2. Edge-to-Edge Gossip Swarm (Robotics / Local-First)

Designed for robotic swarms without a central Leader. Uses raw UDP multicasting to form a decentralized, self-healing network.

  • Zero-Dependency: Built on raw tokio::net::UdpSocket (no heavy libp2p dependencies).
  • Heartbeats: Nodes broadcast state via UDP. Disconnected nodes are automatically evicted after a TTL interval.
  • Auto-Discovery: Discover peers and instantly initiate a Delta Sync handshake to resolve diverging graphs.
  • Enable: Set HS_GOSSIP_PEERS (e.g. 192.168.1.10:7946) or HS_GOSSIP_PORT to join the swarm.

Data Synchronization (Edge-to-Cloud Delta Sync)

HyperspaceDB uses a 256-bucket Merkle Tree for efficient data drift detection, ideal for WASM/Edge targets updating offline:

  • Granular Hashing: Each collection is partitioned into 256 buckets (by vector ID % 256)
  • XOR Rolling Hash: Each bucket maintains an incremental hash of its vectors
  • Fast Diffing: Compare bucket hashes to identify which partition is out of sync
  • Bandwidth Optimization: Sync only affected buckets instead of full collection

WASM Sync Example

When your robot or web client comes back online, initiating a Sync is mathematically minimal:

// 1. Handshake: Send local 256 bucket hashes
const { diffBuckets } = await client.syncHandshake(collection, localBuckets);

if (diffBuckets.length > 0) {
    // 2. Pull only the modified/missing buckets from Cloud
    const stream = client.syncPull(collection, diffBuckets);
    stream.on('data', (vectorData) => applyLocal(vectorData));
    
    // 3. Push local offline edits back to Cloud
    client.syncPush(localEditsQueue);
}

Digest API

# HTTP
GET /api/collections/{name}/digest

# gRPC
rpc GetDigest(DigestRequest) returns (DigestResponse)

Response includes:

  • logical_clock: Lamport timestamp
  • state_hash: Root hash (XOR of all buckets)
  • buckets: Array of 256 bucket hashes
  • count: Total vector count

Cluster Topology API

View the logic state of the cluster via HTTP:

# Get Replication State
curl http://localhost:50050/api/cluster/status

# Get Decentralized Swarm Peers (Gossip)
curl http://localhost:50050/api/swarm/peers
{
  "gossip_enabled": true,
  "peer_count": 2,
  "peers": [
    {
       "node_id": "e8...0e",
       "role": "Leader",
       "addr": "192.168.1.20:50050",
       "logical_clock": 42,
       "healthy": true
    }
  ]
}

Starting a Cluster

# Start Leader
./hyperspace-server --port 50051 --role leader

# Start Follower
./hyperspace-server --port 50052 --role follower --leader http://127.0.0.1:50051

🕸️ WebAssembly (WASM) Support

HyperspaceDB can run directly in the browser via WebAssembly, enabling Local-First AI applications with zero network latency.

  • Zero Latency: Search runs in-memory on the client.
  • Privacy: Data never leaves the device.
  • Optimized: Uses RAMVectorStore backend for browser environments.

👉 Read the WASM Documentation

⚖️ Heterogeneous Tribunal Framework (Tribunal Router)

HyperspaceDB natively supports the confrontational model of LLM routing (Architect vs.

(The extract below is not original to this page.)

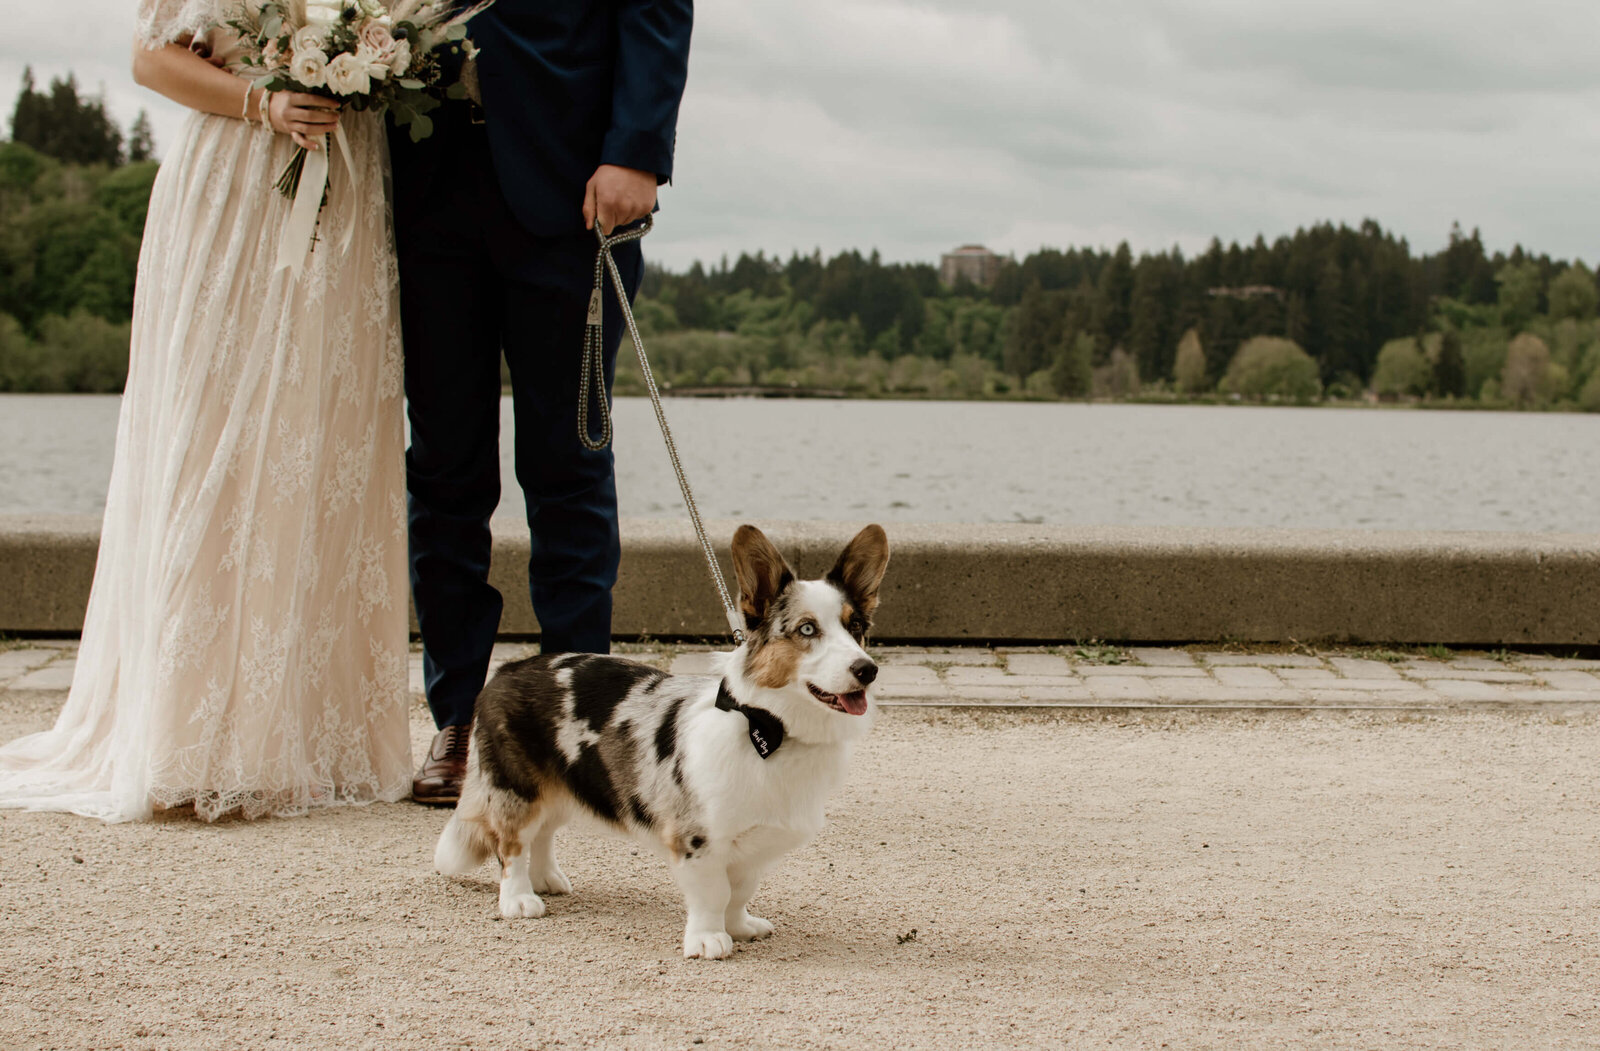 Best Dog at wedding.

Tribunal) directly on the vector graph.

Using the Cognitive Math SDK and the Graph Traversal API, the SDK calculates a Geometric Trust Score for any LLM claim by verifying the logical path length between concepts in the latent hyperbolic space.

If the geodesic distance (hops) between "Claim A" and "Claim B" on the graph is too large (or disconnected), the Trust Score drops to 0.0 (Hallucination).

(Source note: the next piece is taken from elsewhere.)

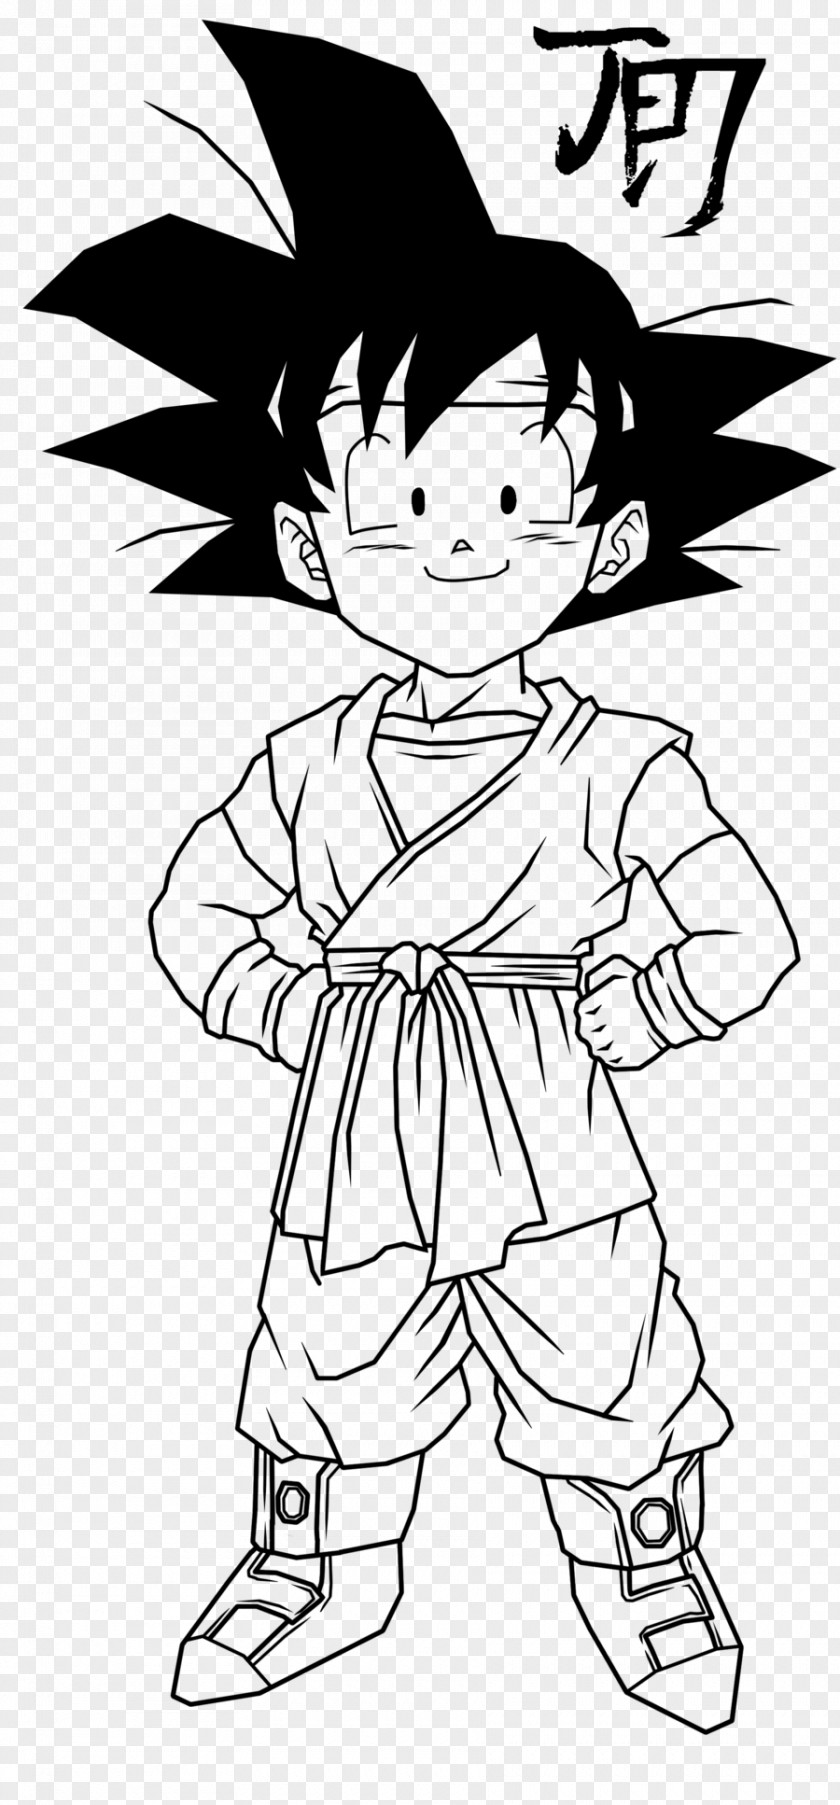 Lineart Vector Goku Master Roshi Drawing Line Art Dragon Ball PNG

from hyperspace.agents import TribunalContext

tribunal = TribunalContext(client, collection_name="knowledge_graph")

# Evaluates structural graph distance between concepts. 
# 1.0 = Truth (Identical), 0.0 = Hallucination (Disconnected)
score = tribunal.evaluate_claim(concept_a_id=12, concept_b_id=45)

🧠 Hybrid Search (RRF)

Combine the power of Hyperbolic Embeddings with traditional Keyword Search.

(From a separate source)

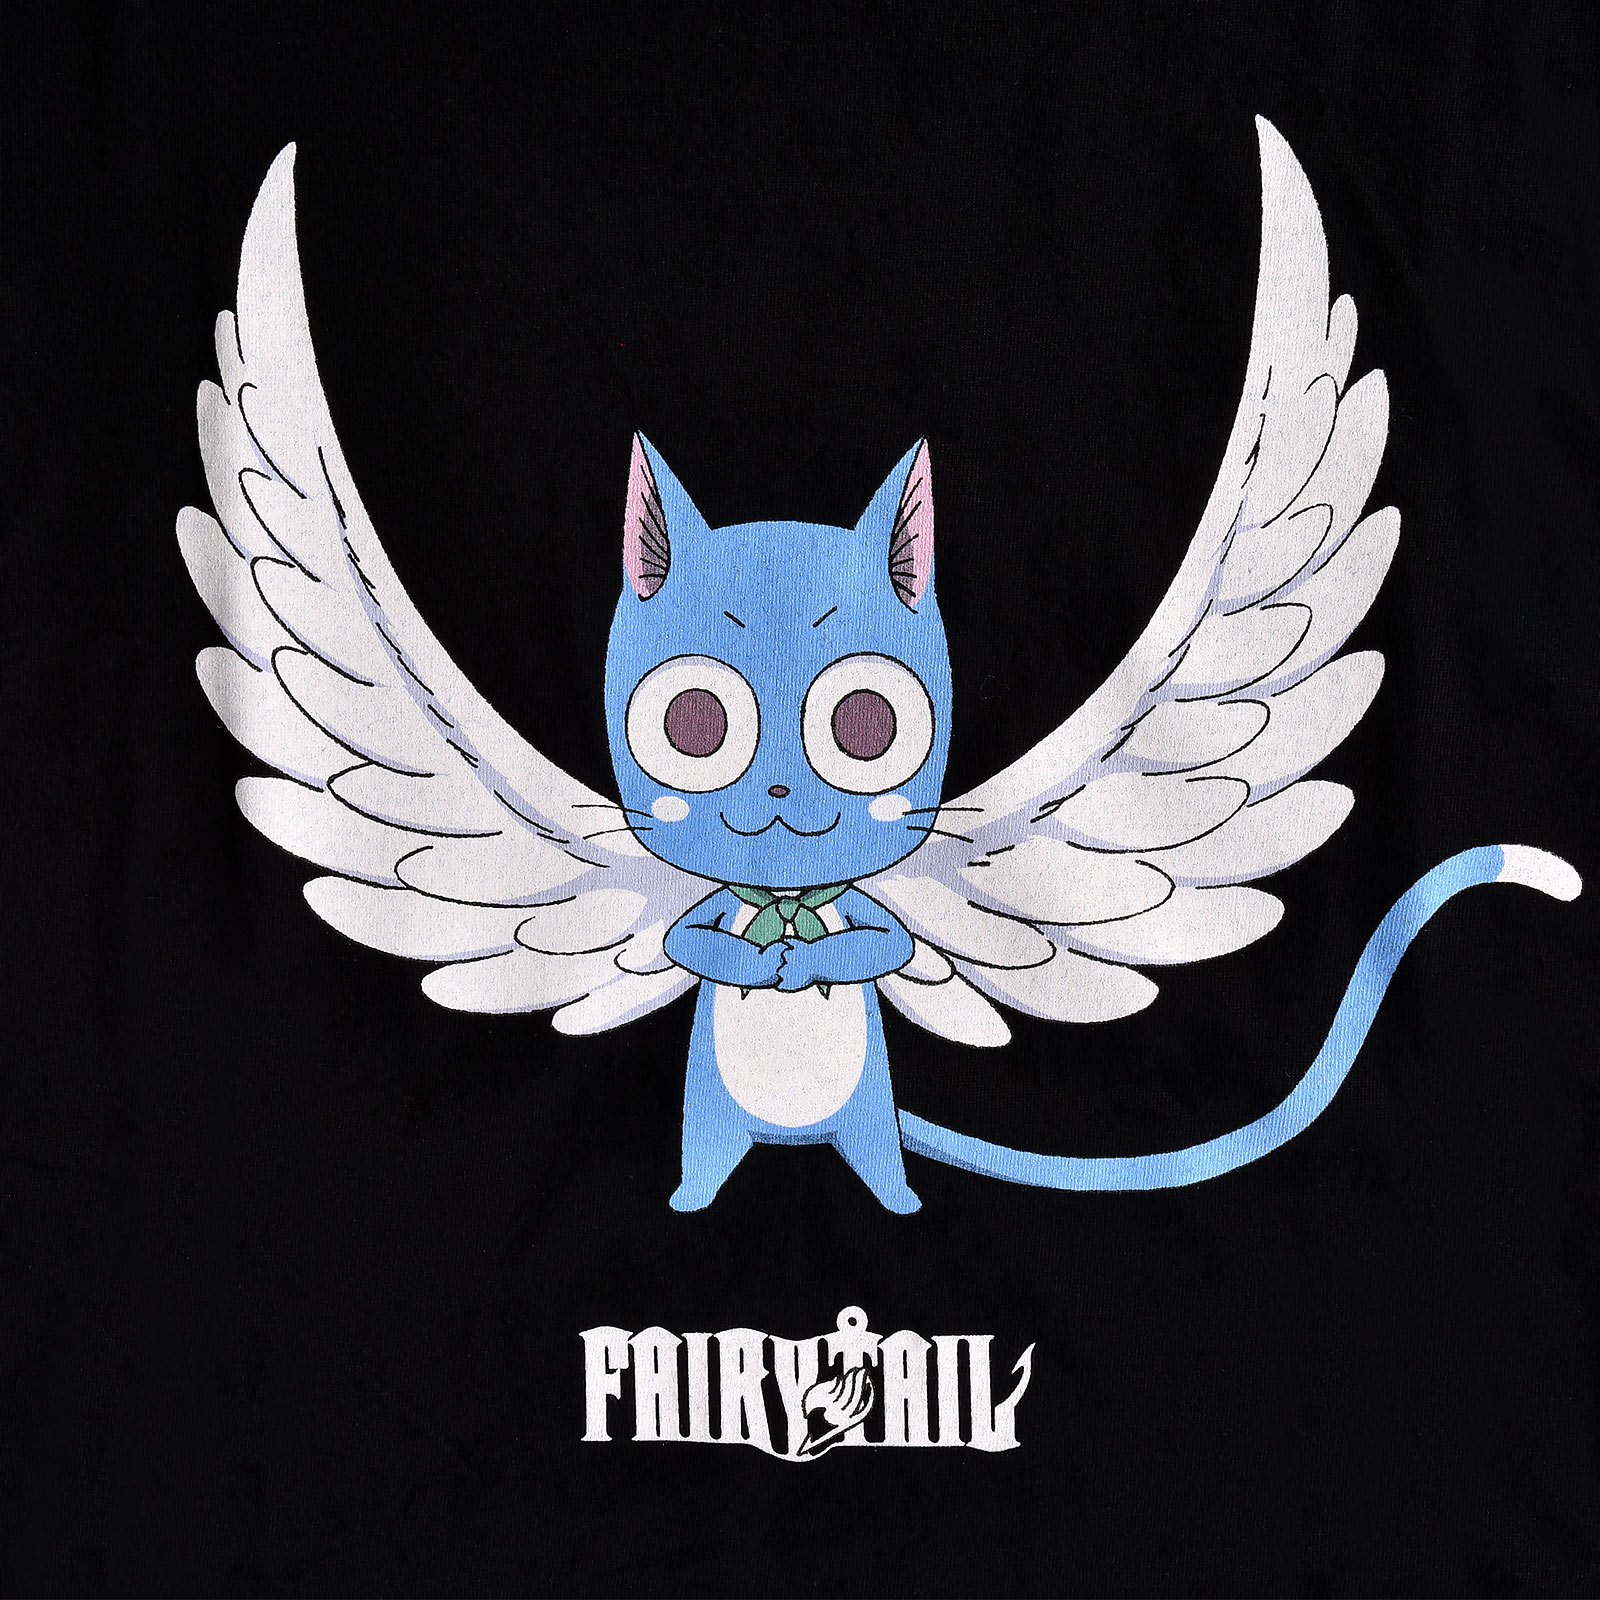 Fairy Tail - Happy Magic T-Shirt Damen schwarz

# Search for semantic similarity AND keyword match (e.g. "iphone")
results = client.search(
    vector=[0.1]*8, 
    top_k=5, 
    hybrid_query="iphone", 
    hybrid_alpha=0.3
)

📊 Quantization Modes

All quantization is configured per-collection at creation time via HS_QUANTIZATION_LEVEL:

Mode env value Bits/dim Compression Best for
SQ8 Anisotropic scalar (default) 8 8x Cosine/L2 — best recall at 1 byte/dim
Binary (Hamming) binary 1 64x RAM-critical, 100M+ vectors
Lorentz SQ8 automatic 8 8x Lorentz metric (auto-selected)
Zonal (MOND) HS_ZONAL_QUANTIZATION=true mixed ~30-40% Hyperbolic with mixed density
Full f64 none 64 1x Research / debugging

The default scalar mode uses a ScaNN-inspired anisotropic loss $L = |e_\parallel|^2 + t_w \cdot |e_\perp|^2$ ($t_w=10$), which penalizes directional error more than magnitude error, improving Recall@10 by +5.3% (Cosine) and +3.8% (L2) versus isotropic SQ8.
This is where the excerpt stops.